The same bio written for AI search might read: “Dr. X has spent 20 years in family medicine focused on patients managing several chronic conditions at once. Her approach treats diabetes, hypertension and anxiety as interconnected problems rather than separate diagnoses, which tends to serve patients who want more than a quick visit and a referral.”

The goal isn’t to replace credential-listing but to build on it. Credentials establish legitimacy. Context creates relevance.

Both versions are accurate. Only the second gives an AI model something to work with when a patient asks, “Who is the best primary care doctor for someone managing diabetes and anxiety in [city]?” AI models surface physicians whose websites explain not just what they do but who they’re best suited to help. When that context is missing, every practice looks the same.

AI models recommend the physician whose website gives them a reason to, not simply the one with the longest credential list.

How can independent practices improve their AI search visibility today?

Start by reading your own bio and home page with one question in mind: If a patient described their health situation to an AI and asked for a recommendation, does anything on this page give the AI a reason to choose your practice specifically?

If the answer is no, begin with your clinical philosophy. What kinds of patients are you best equipped to treat and why? If you practice evidence-informed medicine, say so and link to the evidence. If you take longer appointments with complex patients, say that.

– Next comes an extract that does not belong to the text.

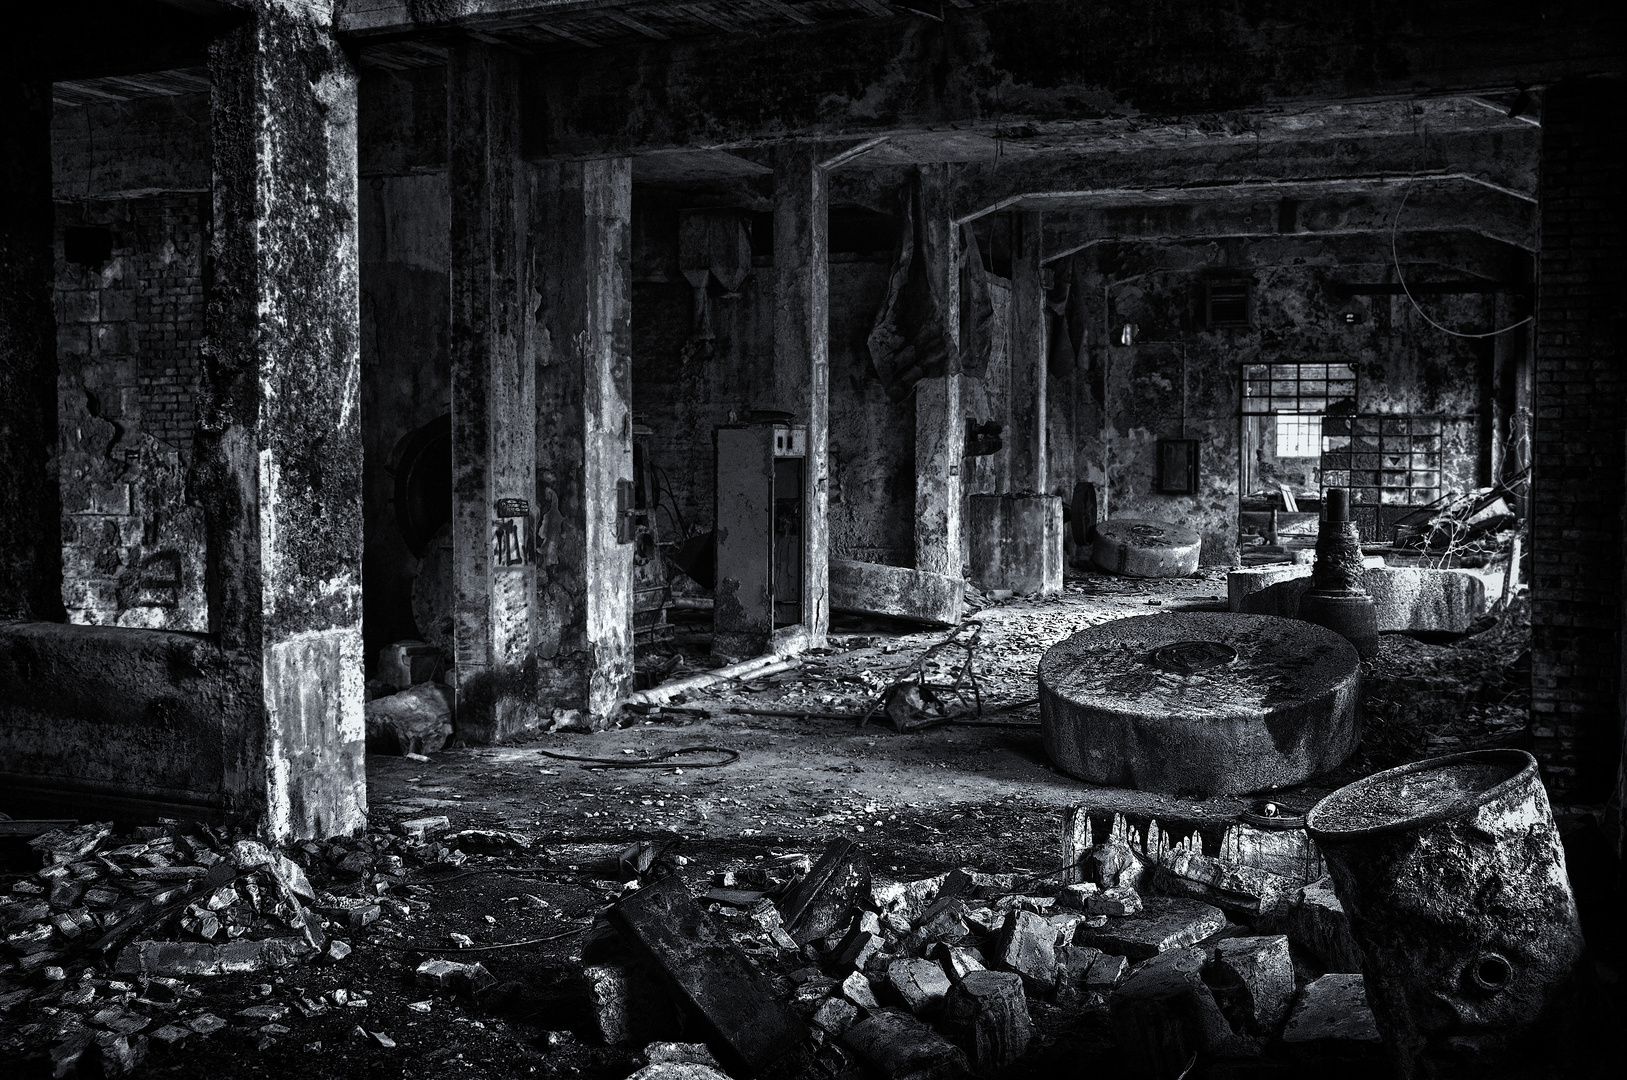 Industrial decay
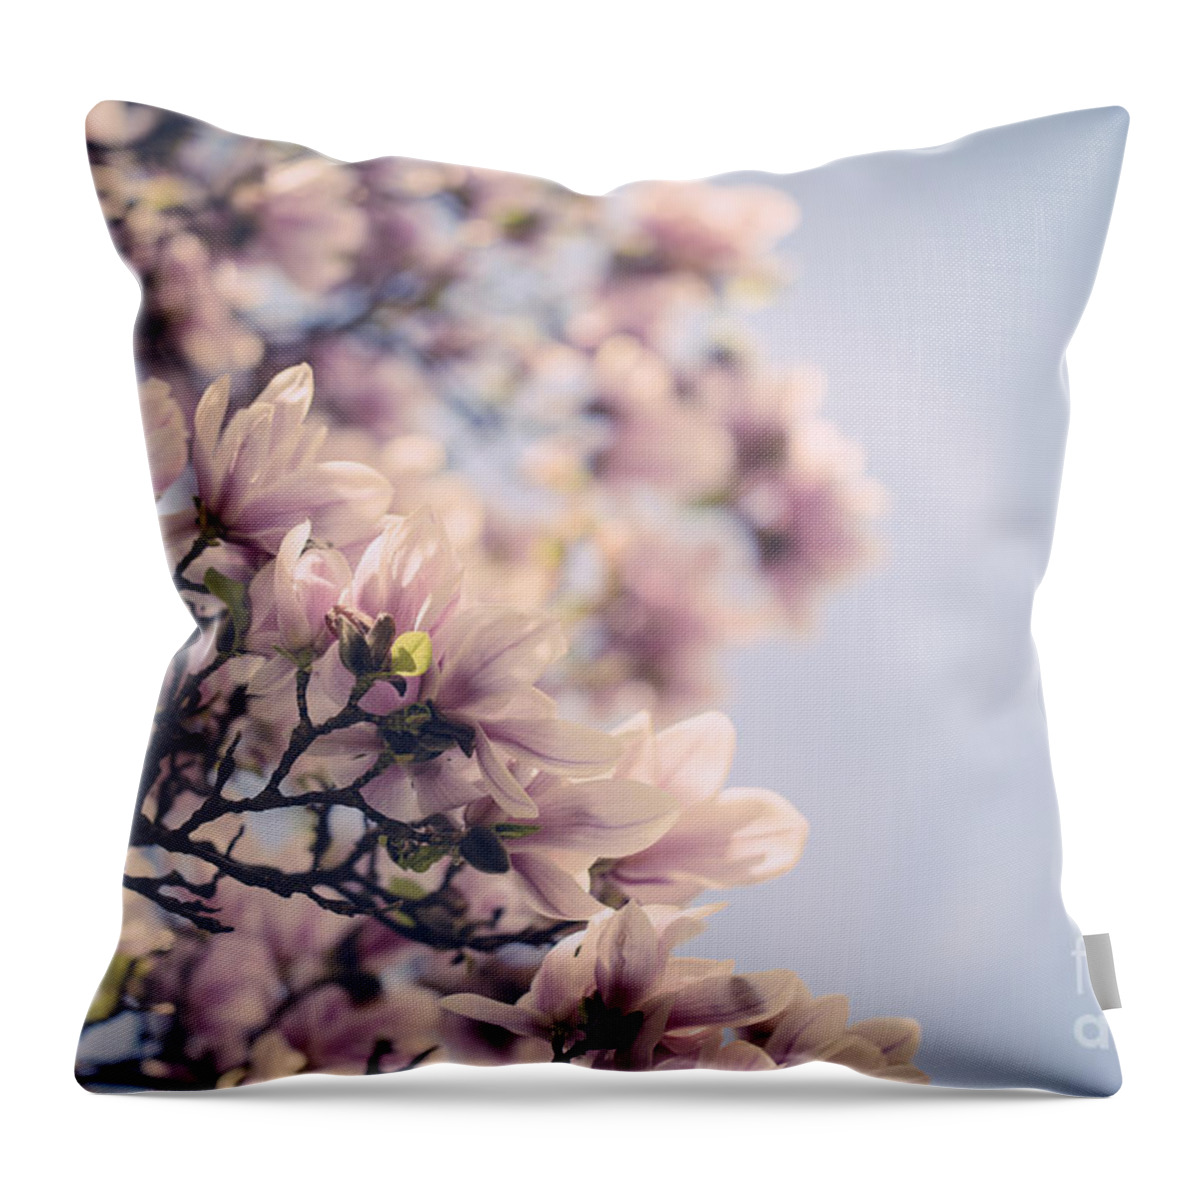 Magnolia Throw Pillow featuring the photograph Magnolia Flowers by Nailia Schwarz

Format matters too. AI tools extract information most reliably from direct-answer structures, and an FAQ section where questions mirror the way patients actually search is one of the highest-leverage changes a practice can make right now. (Related: What physicians need to know about marketing)

Google’s guide calls this being “people first.” Put simply, it means treating your web presence like an introduction to a referred patient rather than a curriculum vitae.

What is the future of AI search for patient acquisition?

Google’s guide describes the emergence of AI agents capable of taking actions on behalf of users, including completing bookings, directly within search results. Nobody knows exactly when that will become routine in health care scheduling. But the trajectory is obvious to anyone watching.

Practices that give AI models a genuine reason to recommend them aren’t just winning in search results today. They’re building something that will hold up however this technology continues to develop. The physicians who start that work now won’t be scrambling to catch up later.